The following is from the Nov. 20, 2007, edition of The Washington Post. SMU Political Science Professor Matthew Wilson provided expert commentary for this story.
By Ed Stoddard
DALLAS (Reuters) - When a pair of Mormon missionaries knocked at the door of Jerry Pierce's home in a north Dallas suburb last month, he marshaled his arguments and stood his ground.
"I look forward to encounters like that. I like to talk to them about the nature of Christ and who Jesus is," said Pierce, a staunch Southern Baptist, the biggest Protestant denomination in the United States.

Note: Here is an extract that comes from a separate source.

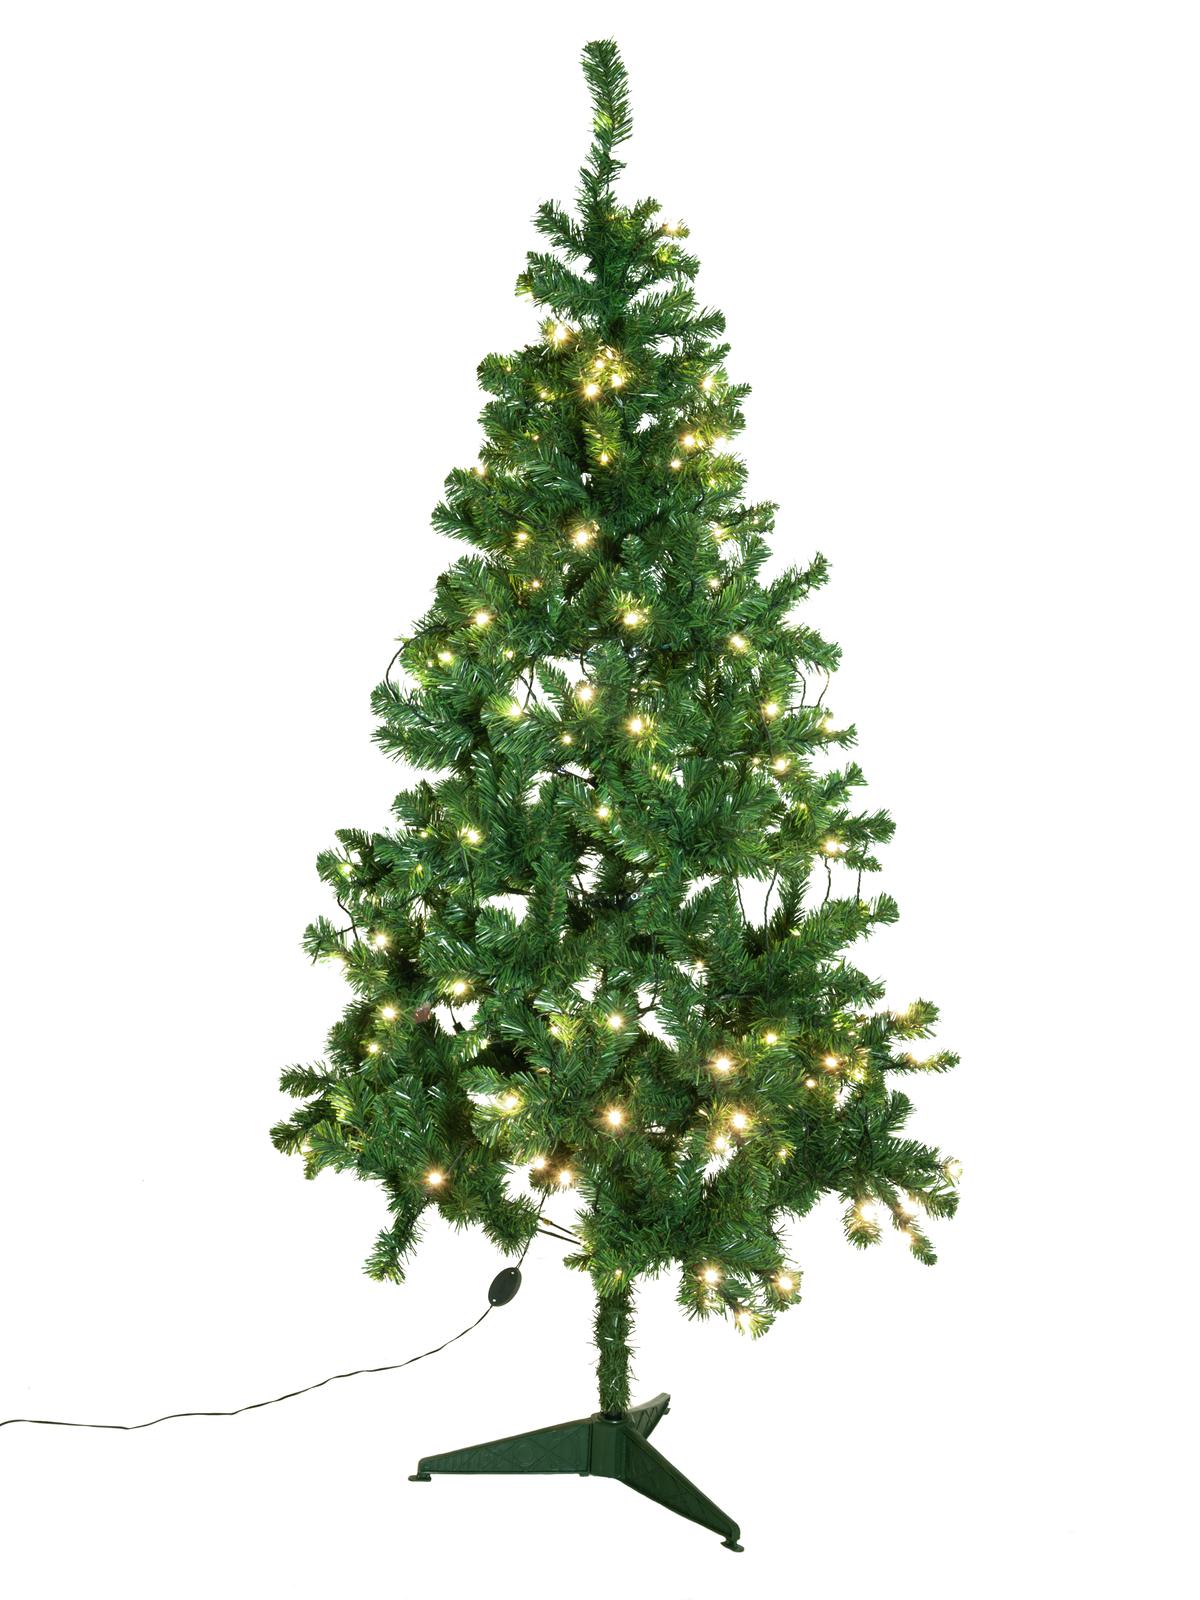 Umělý vánoční stromek s LED osvětlením, 180 cm

Mitt Romney, a Mormon, is running into similar resistance as he tries to win over Southern Baptists and other evangelical Protestants in the race for the Republican Party's nomination for the 2008 U.S. presidential election.

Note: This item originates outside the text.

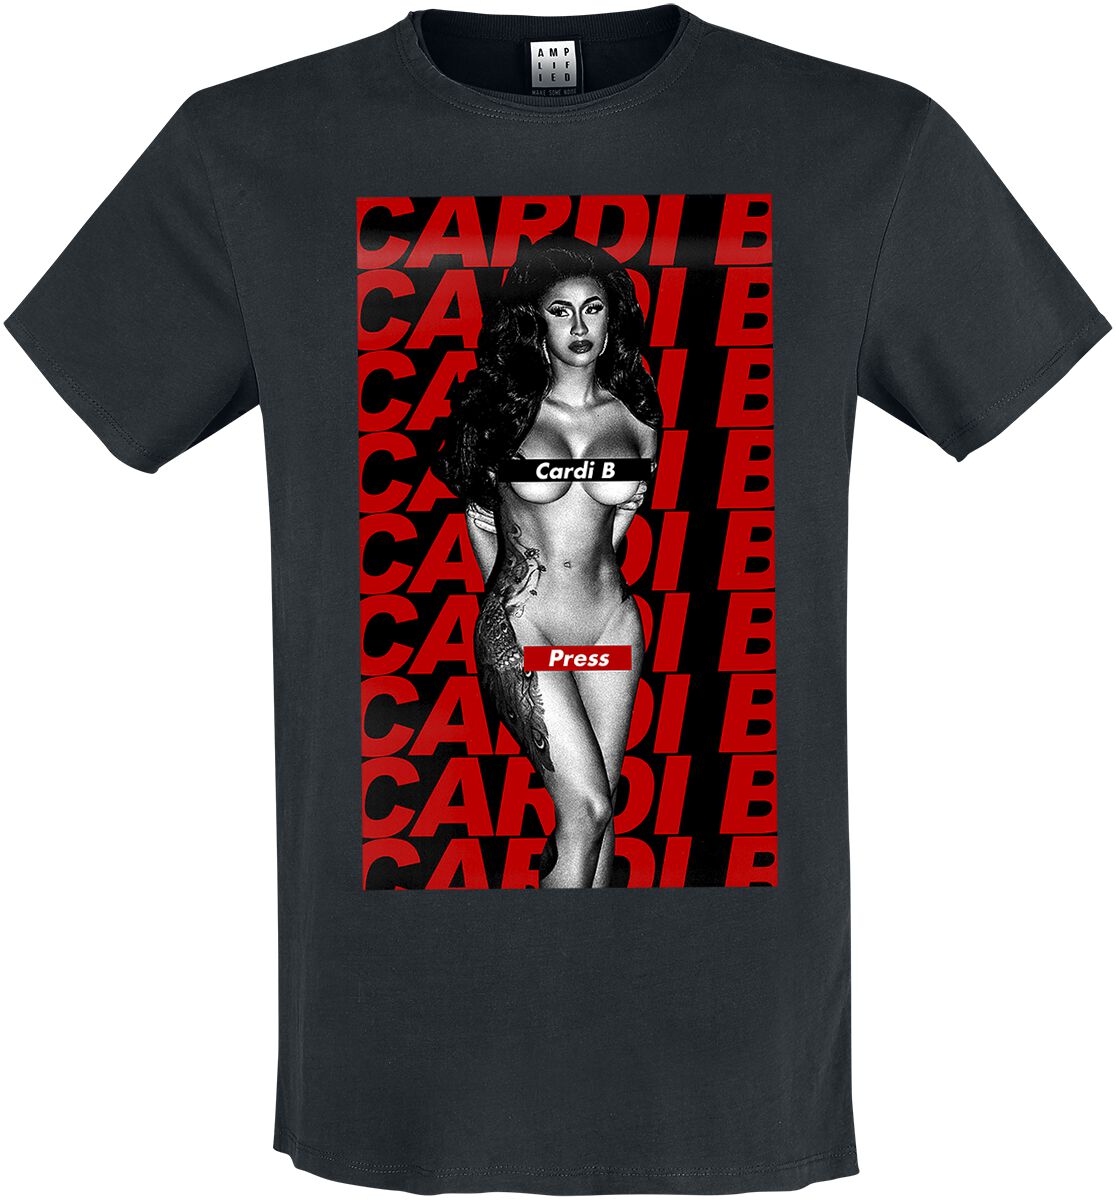 Cardi B T-Shirt - Amplified Collection - Press - S bis XXL - für Männer - Größe XXL - schwarz  - Lizenziertes Merchandise!

Romney will need the support of this traditional Republican base if he is to take on former New York mayor Rudy Giuliani, who is running strongly in opinion polls despite his three marriages and a pro-abortion position that is anathema to many Republicans.
The reason Romney faces difficulties with Southern Baptists, according to many experts, is his Mormon faith. Not only do many Southern Baptists regard the Mormon church as a cult, they also regard it as a competitor that is winning -- or poaching -- converts from among the evangelical flock. . .
"Many evangelicals do not want to see Mormonism mainstreamed," said Matthew Wilson, a political scientist at Southern Methodist University in Dallas.